Sam Freeman

Storytelling | Theatre | Arts Marketing

A new show…

I’ve been thinking about what to do recently and started writing a new show… Anyway here’s a bit of it, let me know what you think, if you’d be interested in being in it or if you’d fancy directing it!

When I was 15 I read ‘1984’.

We were in English, English Literature, the start of our final year of secondary school, after that out into the real world, a world of excitement and fun, free from rules about corridor walking, blazer wearing and workbook covering. No more rules and regulations breaking us down from savages into responsible members of society. We would soon be able to live carefree and happy.

It was October, an unseasonally cold October, and, four weeks into the new term, the 1950s classrooms with their tall single glazed windows were cold, freezing cold. Ice gathering on the inside of the glass, shoes squelched from Autumn rain and the sniffs and coughs of teenage flu flowed invisibly throught the air. In the morning you’d pretend to smoke the vapour on your breath in vapour, and in the afternoon, radiators stoked to burning, the scent of teenage body odours, Lynx Africa and damp shoes and coats would waft down the corridors.

The teacher came in from the stock cupboard, a cardboard box filled with yellowing well-leafed books, inscribed with messages from past readers, ‘Miss G sucked Mr F’, ‘Amy L for John D’ or ‘Simon P is a gaaylord’ spelt wrong, and accompanied by illustrations of mis-shapen ejaculating dicks with hairy balls and smiley one-eyed faces.

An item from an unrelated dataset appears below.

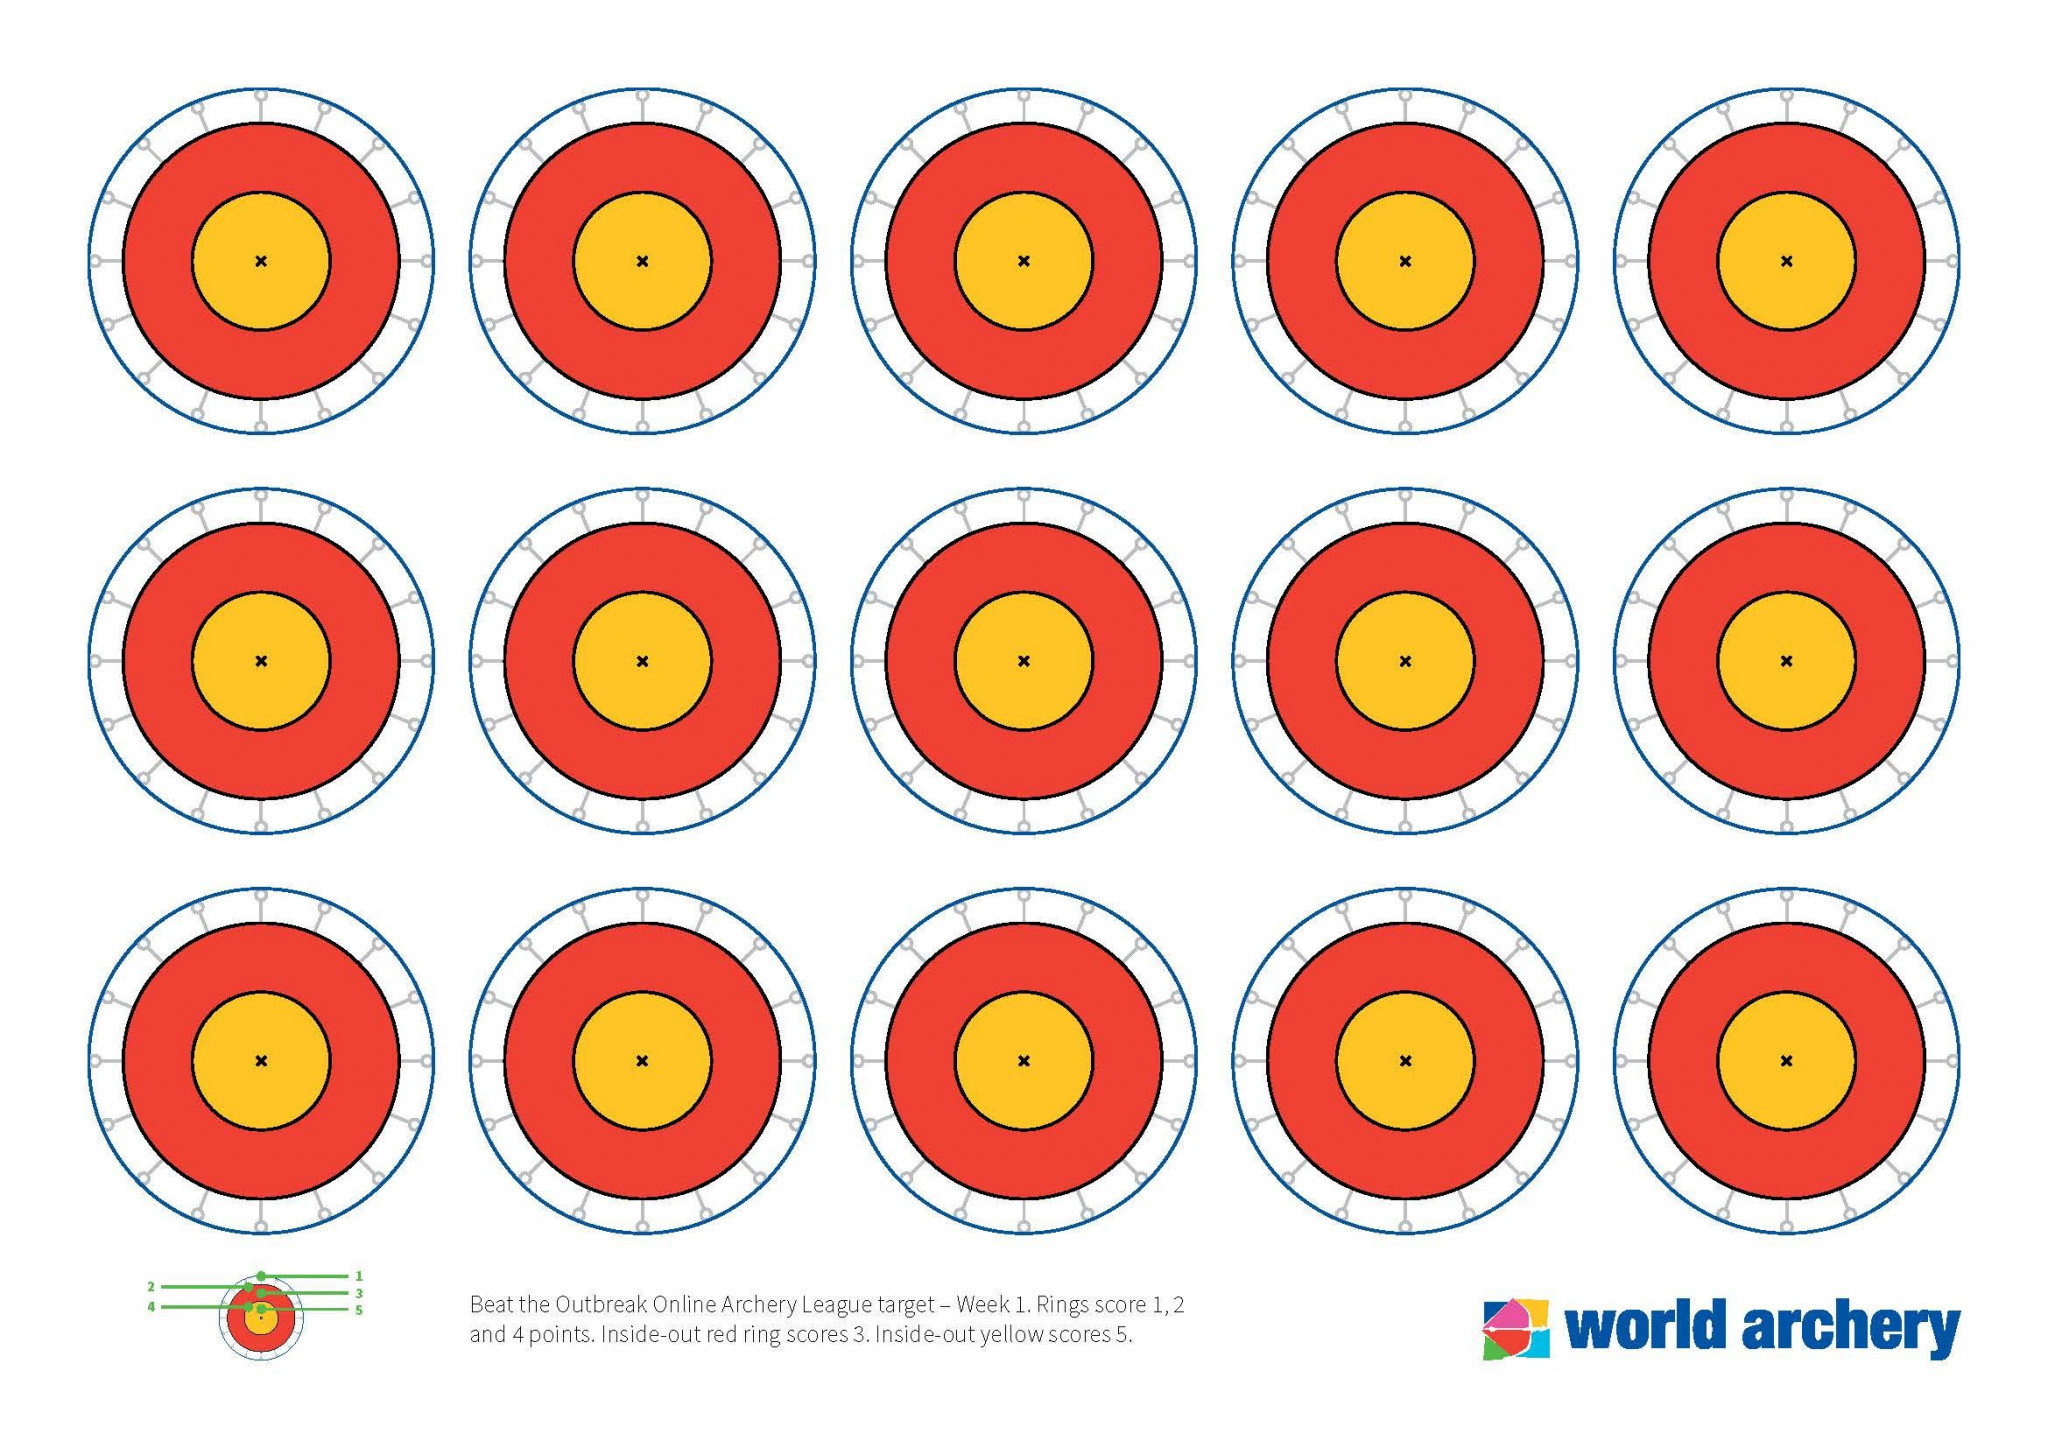 world archery launches online league during coronavirus outbreak

The teacher, ‘Miss Richardson’, married for over 20 years and still regretting becoming a teacher handed out the battered, grease-stained books as the class murmured its disapproval. New doodles were started, new incriptions made, old inscriptions modified and updated.

Cried of dismay echoed around the room.

 

“Looks shit miss”

“How many pages!?!”

“Mine’s missin’ pages”

 

I looked down at the sorry-looking booking on my desk, it was the book that was to change my life, ‘1984’ by George Orwell.

I’d never been a book person up until that point, I was a comic man. I loved, no, devoured comics. Heroes beating up villains, good overcoming evil, tight costumes showing every ripple of muscle and breast. Batman, Spiderman, Wonderwoman, the X-Men and the impossibly dull Superman.

I also loved TV, even though the four channels, and the fifth, never spoken about in our household, filled with pornography, football and Nazi stories, often in disturbing combination, was rationed like a precious commodity by my parents.

I loved watching them, Jimmy Saville encouraging teenage smoking and shellsuits, Terry Wogan humouring dancing drunks, Anneka Rice encouraging guilty masturbation, Jason & Kylie – who’d have thought it’d never last – the stars of television.

I imagined what their lives must be like, travelling in first class singing duets on the plane, scores of adulating fans blowing kisses, a camera following me at bottom height whenever I had to run anywhere. I wanted it, I wanted to be a hero, I wanted to be on TV, to have the glamour, to chat to Terry, laugh at his jokes. And, I’m not proud of this – I imagined being a guest on Noel’s House Party.

It took me until I was twenty five to get my first girlfriend.

I was not a book person.

Until that point.

At that point I found a book that connected with me, excited me, thrilled me and exploded in my imagination.

I imagined Winston’s life, a double life, publically for and privately against the party, a force for good, a force for creativity, peace and love in a grey concrete city under grey concrete skies, undermining the system while relaxing in my spare time shagging Julia in the woods.

I imagined I could be the one to break it down, to overcome the system, break Big Brother, free my common man, like Winston Smith. A hero.

Of course I never finished the book.